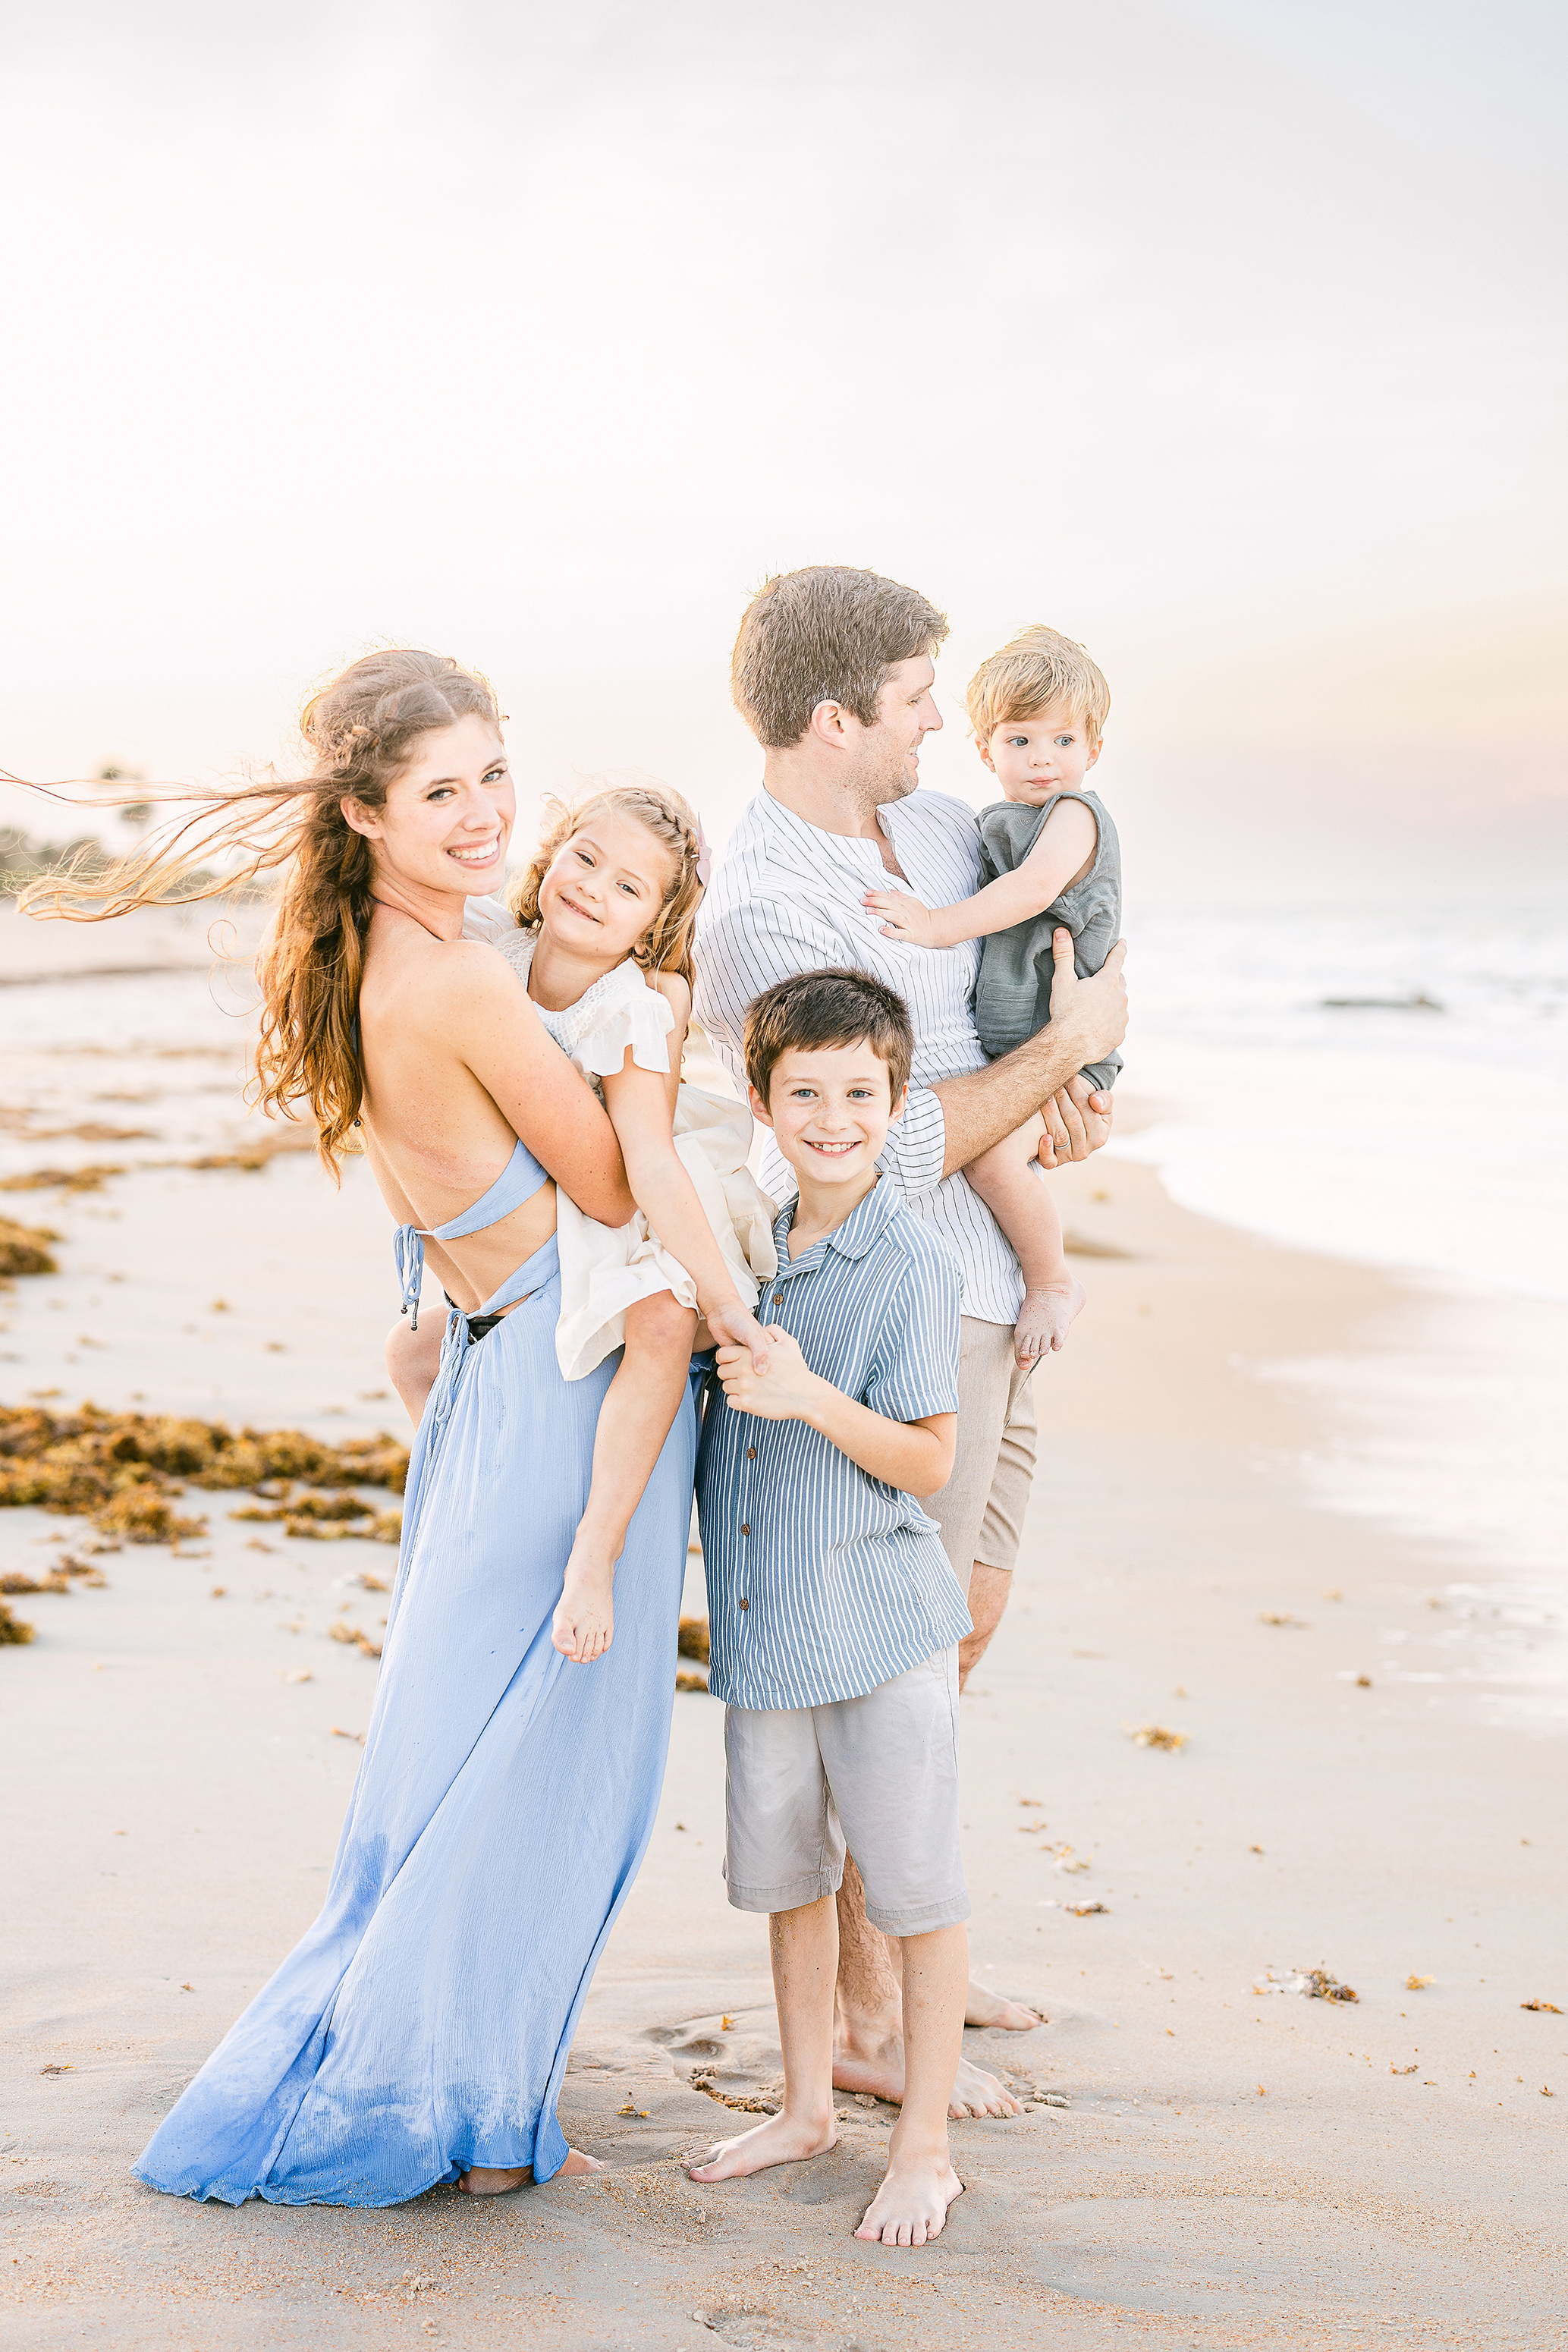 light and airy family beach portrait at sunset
==
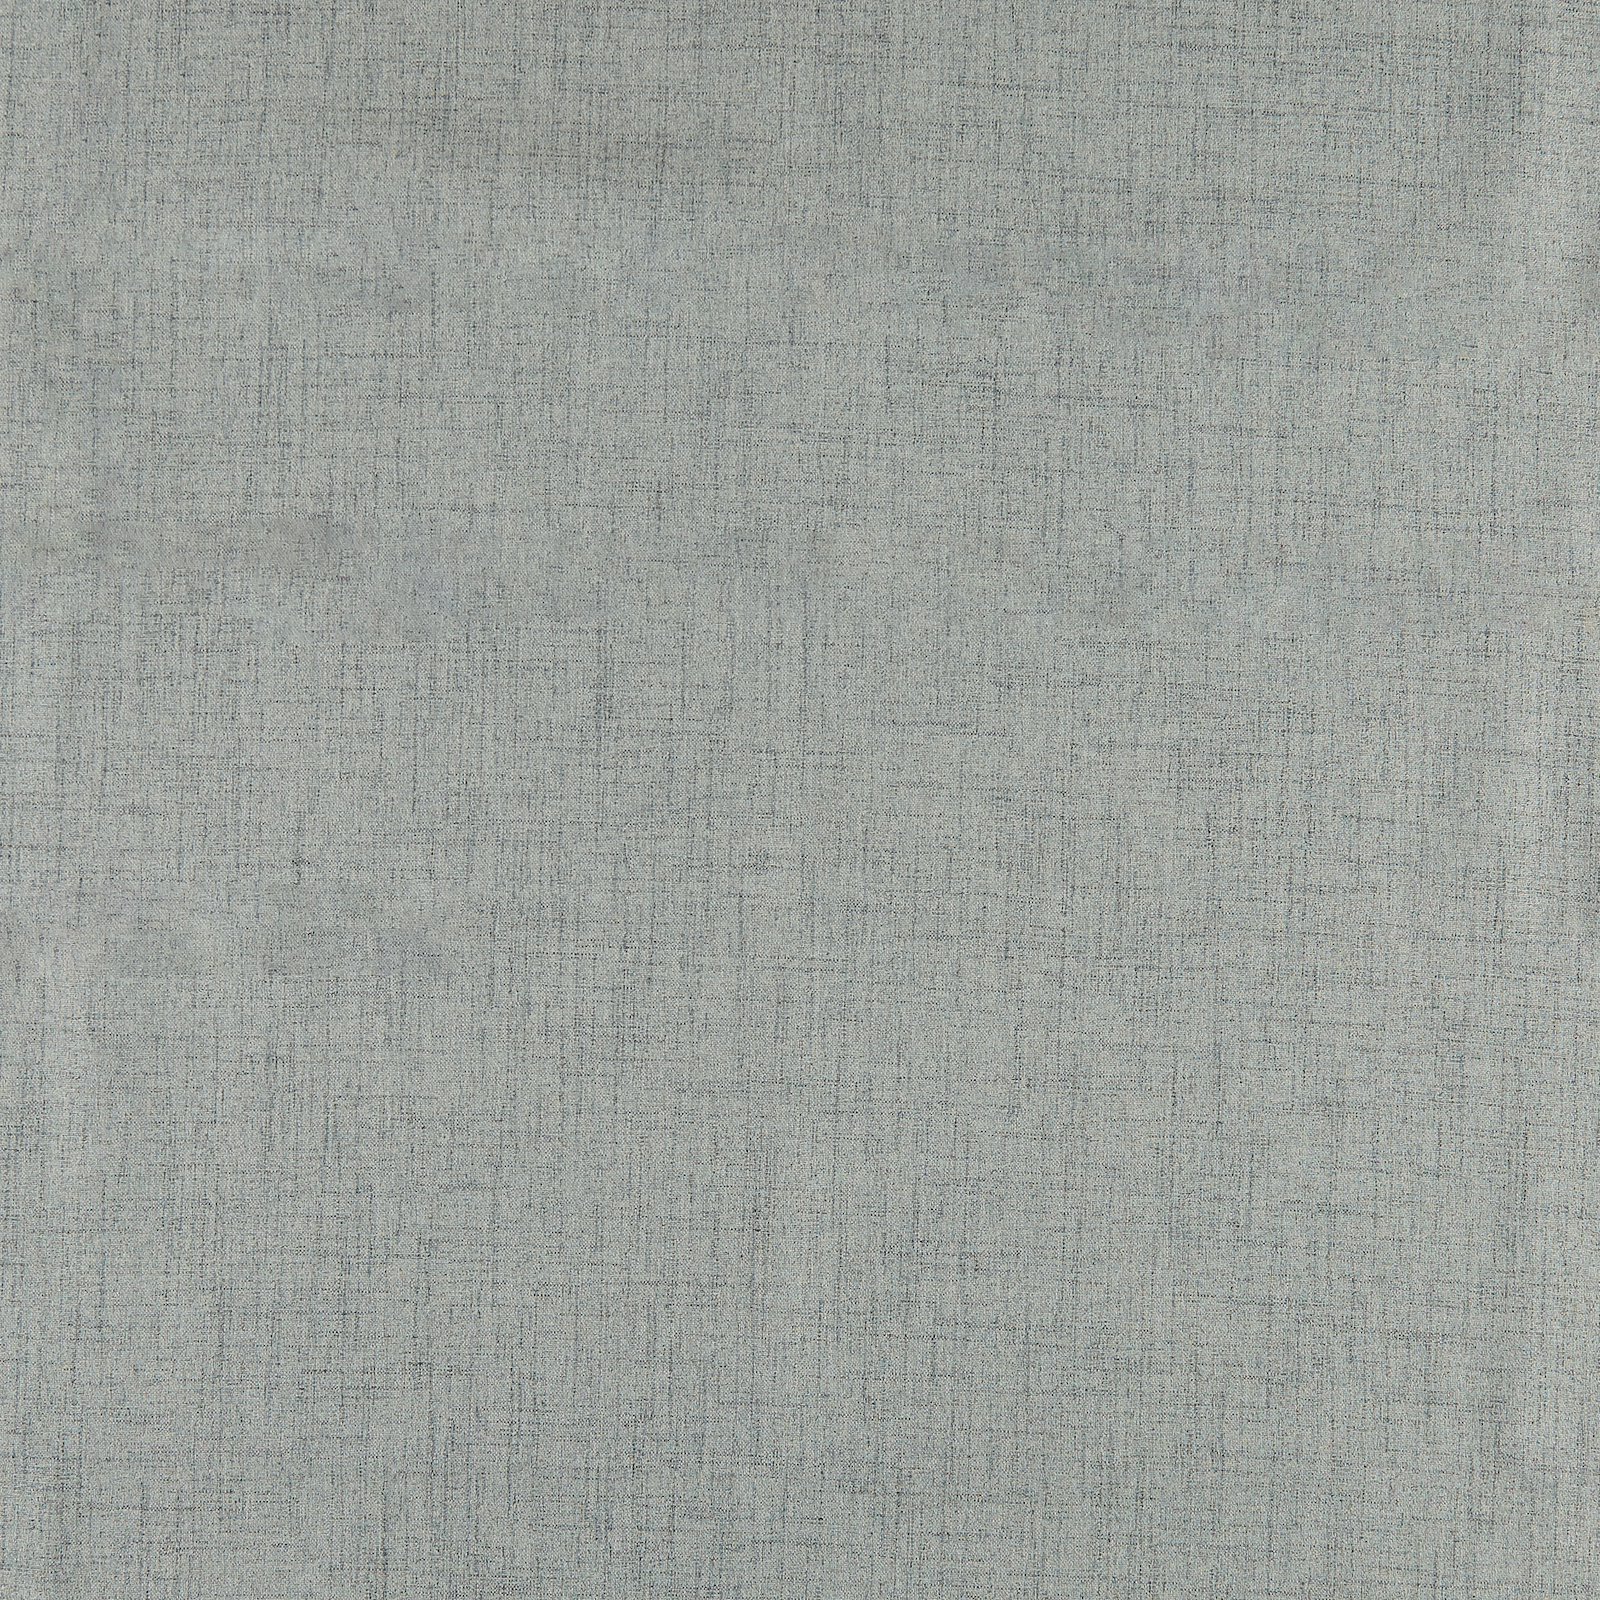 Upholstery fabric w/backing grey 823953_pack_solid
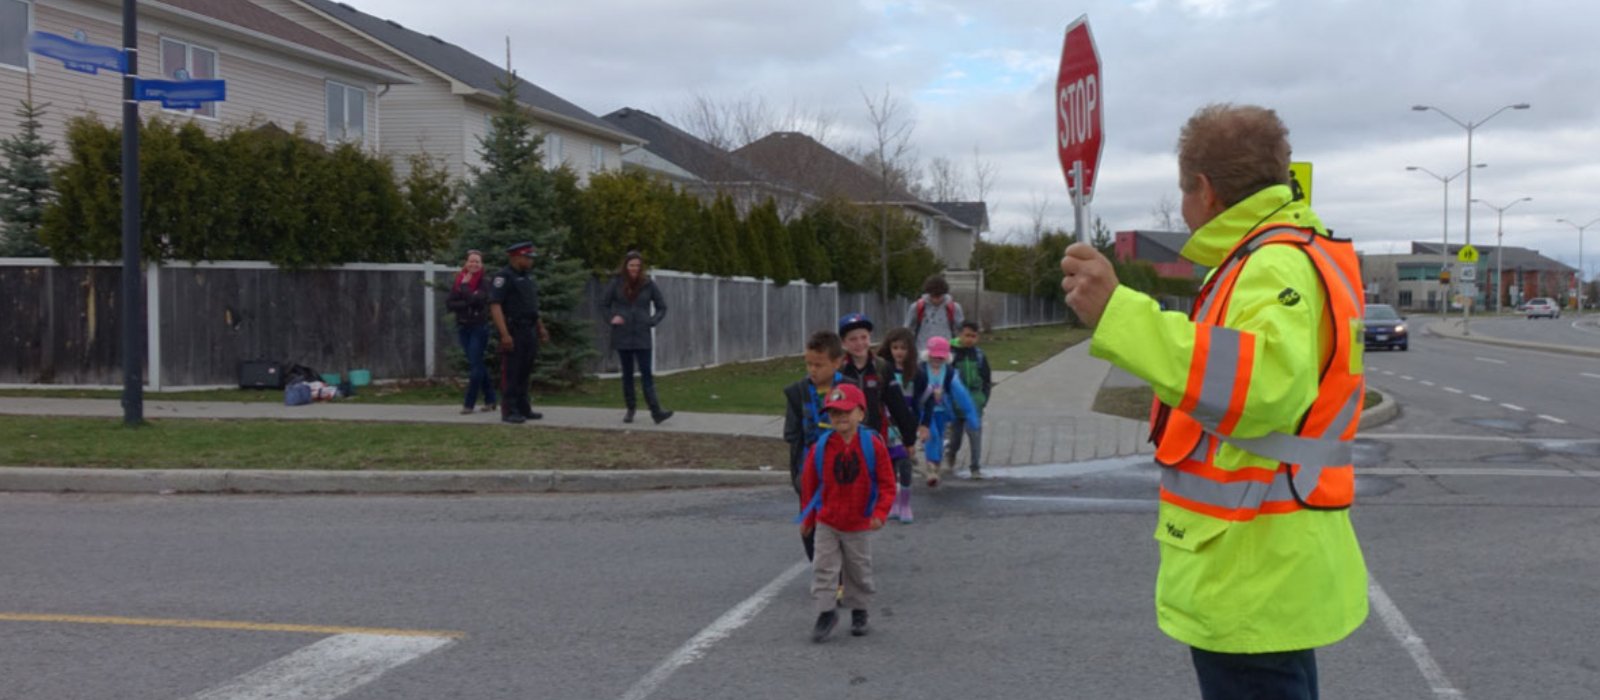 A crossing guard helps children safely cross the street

- _What you will do_
Give back exactly the lines above from the one with "Upholstery fabric w/backing" through the one with "A crossing guard", both included. Pictures don't belong in the copy.

- _Task output_
 Upholstery fabric w/backing grey 823953_pack_solid
 A crossing guard helps children safely cross the street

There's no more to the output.